The Building and Environmental Services Association Indoor Air Quality group was called to address increasing concern in the health implications of being exposed to poor indoor air quality. Representatives from the air movement industry, CIBSE, B&ES attended with BSRIA and other members of the academic community are expected to participate in this group.
The meeting reflected the concern on indoor exposure to air pollution recently expressed by Joan Walley MP: Chair of the Environmental Audit Committee who said:
“We know that there are risks of exposure to poor air quality, to nitrogen dioxide and to particulates. These pollutants are having a large effect on children’s health and if you look at the long term, if you look at this as a whole, then you have to start to question the cost of not taking preventative measures of these kinds.”
She also said:
“There is a public health crisis in terms of poor air quality. There are nearly as many deaths now caused by air pollution as there are from smoking, so the main thing is we stop a new generation of children being exposed.”

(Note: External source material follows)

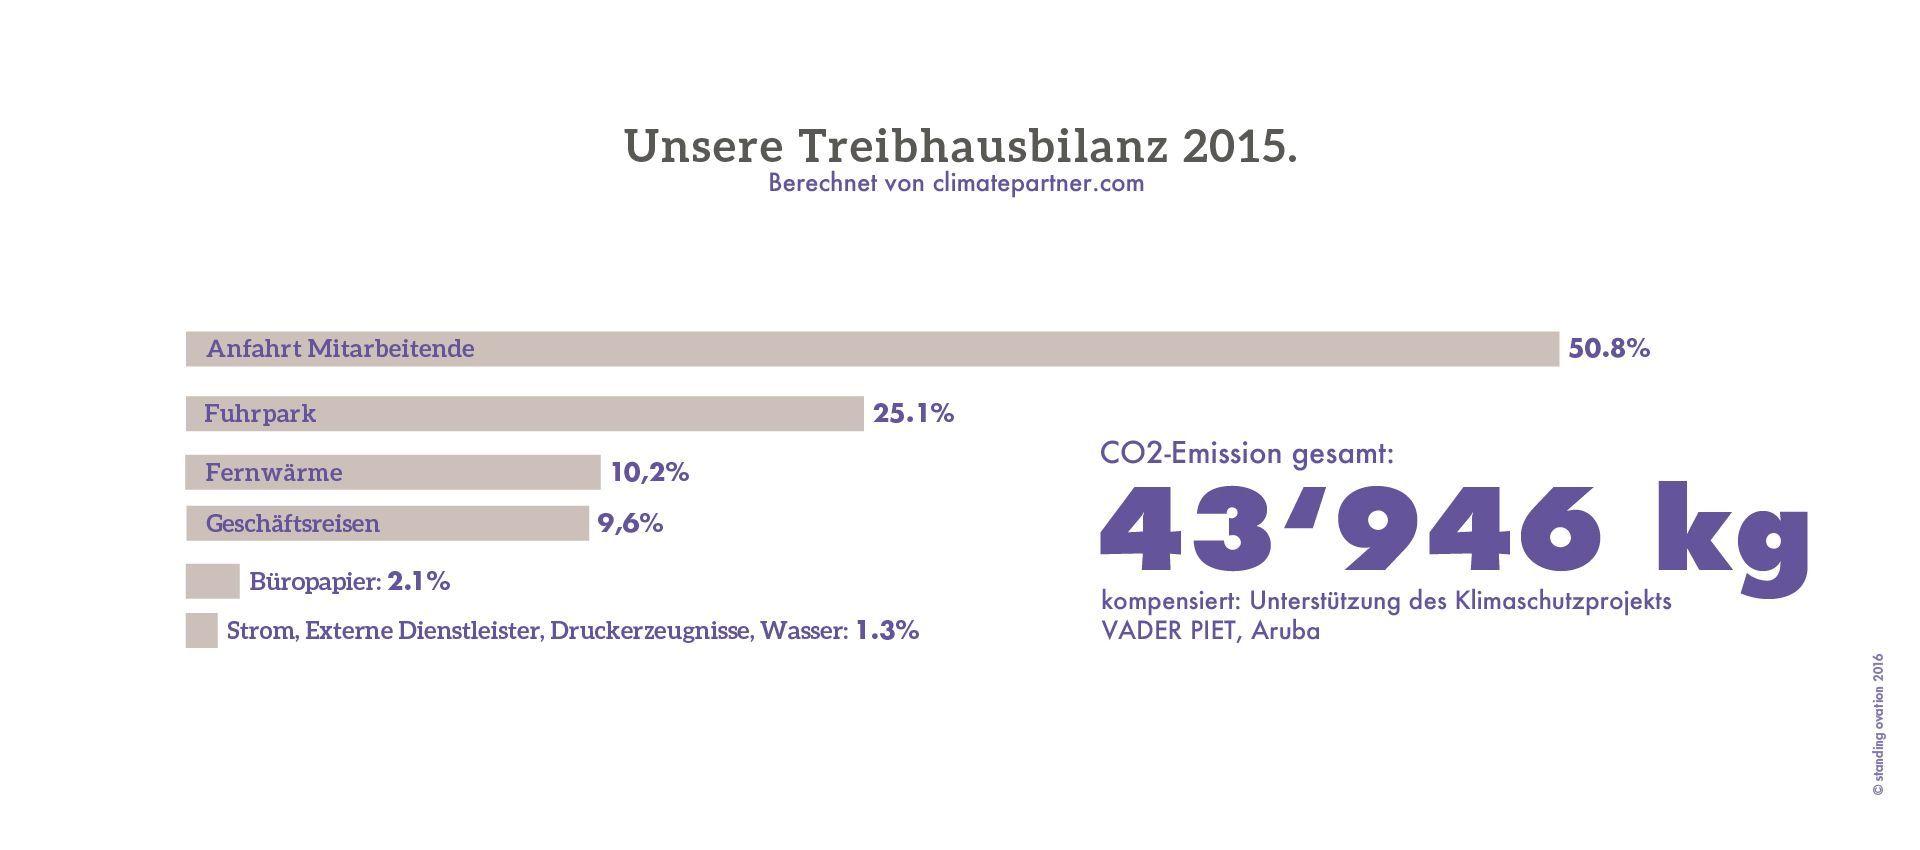 01_Nachhaltigkeit_Grafik_Treibhausbilanz_D

She added that “well over a thousand” schools were already near major roads and that it “made sound economic sense” to filter the air coming into the buildings.
Joan Walley ‘Action on Air pollution’ https://youtu.be/4acO1-C3J5Q
This is the first time officially that a firm government link has been made between poor indoor air quality and high levels of traffic air pollution.
Schools and Hospitals were identified as being of high importance and a priority for action to provide an effective haven against daily exposure to traffic air pollution.
A presentation was made by Peter Dyment of Camfil to the group to emphasize how extreme the air pollution is in London and how high the concentrations of traffic pollution can be present without people being aware or making the link to their own health risk.
On a bad air pollution day in central London, even well specified and well maintained air filters in building air systems will struggle to clean the air sufficiently to make it healthy for people to breathe.
In these situations a range of actions could be recommended that could include improving the effectiveness of existing filter systems or the additional use of standalone air purifiers.